Veterans Affairs honors waters for commitment to women’s veterans
Veterans Affairs Secretary Robert A. McDonald (l), and Elisa M. Basnight, director of the Center for Women Veterans.
VA Secretary Robert A. McDonald (far left) joined VA leaders and champions of women veterans to honor Congresswoman Maxine Waters (CA-43) for her work to create the Center for Women Veterans in 1994.
By Christopher Spina
WASHINGTON, D.C. – The Department of Veterans’ Affairs (VA) has honored Congresswoman Maxine Waters (CA-43) for her years of work on behalf of America’s women veterans.
In a ceremony that took place in Washington, D.C., Waters was honored by VA Secretary Bob McDonald for her work in creating the Center for Women Veterans, a special bureau within the VA that advocates for women veterans by ensuring health care benefits and other programs are effectively meeting women’s needs.
The event was to commemorate the 20th anniversary of the center’s founding. To mark the occasion, Waters participated in a ceremony with McDonald, Center Director Elisa Basnight, and former directors Irene Trowell-Harris, Joan Furey, and Dr. Susan Mather.
“Ranking Member Maxine Waters is the true matriarch of the Center for Women Veterans. It was her work back in 1994 that made the Center a long-overdue reality,” said VA Secretary Robert McDonald.
“After being elected to Congress, one of my first priorities was to introduce legislation that ensured women veterans were informed of their benefits and receiving appropriate care at the VA. And 20 years later, I am so proud to see how the Center has affected change,” said Waters. “By the year 2000, the Center had influenced the VA to provide prenatal and obstetrical care to women veterans. That same year, the VA announced a $3 million dollar investment to lift women veterans out of homelessness, an investment closely followed by Congress enacting legislation to care for children with birth defects born to women veterans of the Vietnam War. The Center has also connected female veterans with public and community service opportunities, while also ensuring the service and contributions of women Veterans and women in the military are properly recognized by our nation and society.”
Before the Center was created, there was a shocking inequality for women veterans trying to access VA benefits. A 1982 report found women were not receiving proper physical examinations at VA facilities. There was no access to basic gynecological care – a serious problem which contributed to women suffering a cancer rate twice that of women in the general population, with gynecological cancers being the most common. And a shocking 57 percent of female veterans did not even know they were eligible for VA services, benefits, and programs.

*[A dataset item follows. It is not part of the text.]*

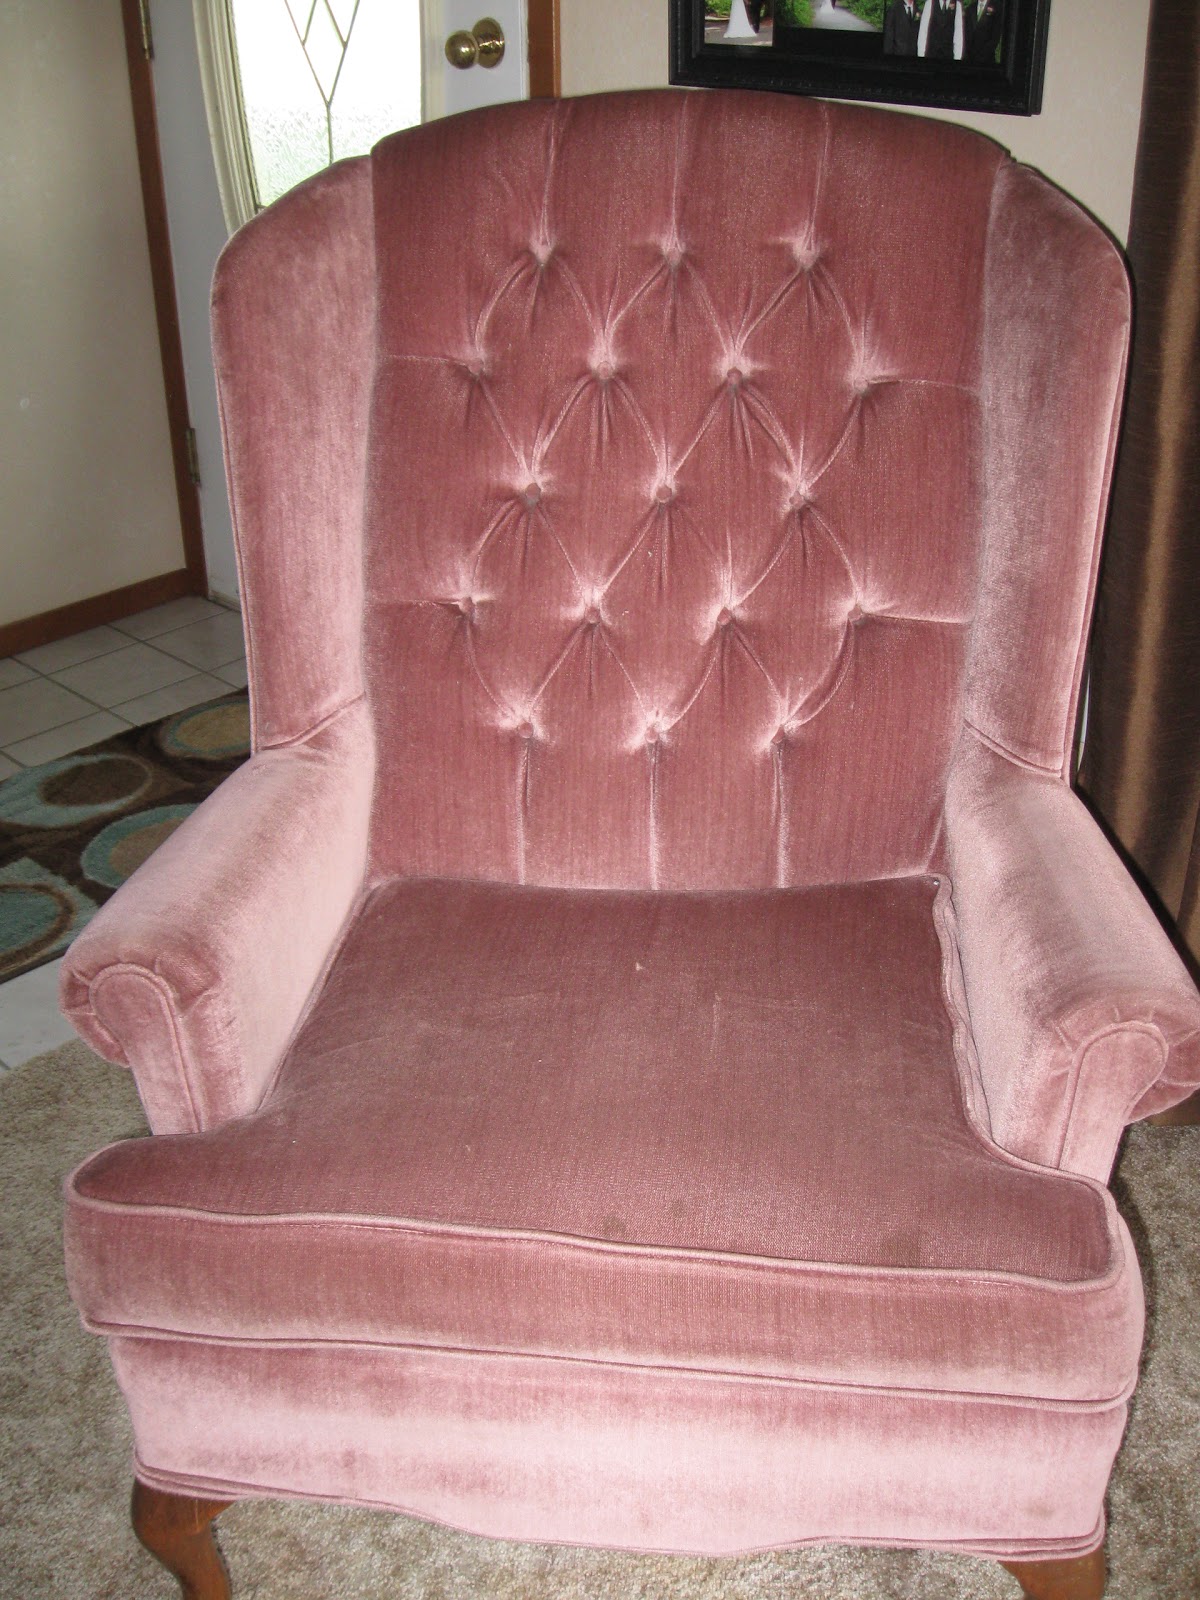 Thrifty Parsonage Living: Reupholstered Wingback Chair Revealed

Acknowledging this problem, in 1993, Waters spearheaded legislation to create a special bureau for women at the VA. That legislation was enacted into law in 1994, creating the Center for Women Veterans to address these problems. As a member of the Veterans’ Affairs Committee, Waters fought to ensure that the creation of the Center was included as part of the “Veterans’ Benefits Improvements Act of 1994,” enacted to provide for veterans of the Persian Gulf War.
Waters added, “Twenty years later, the Center is needed more than ever. Women are the fastest growing population within the DOD and VA. And they still face challenges – like a broken grievance system that forces them out of service more often than it holds predators accountable. I believe that in the future, the Center can take a leadership role in ensuring victims of sexual assault are provided access to the important services they need. And we all must act boldly to offer these victims a path to justice, so that they may come forward without fear.”
Waters received the honor on Wednesday, Nov. 19, 2014.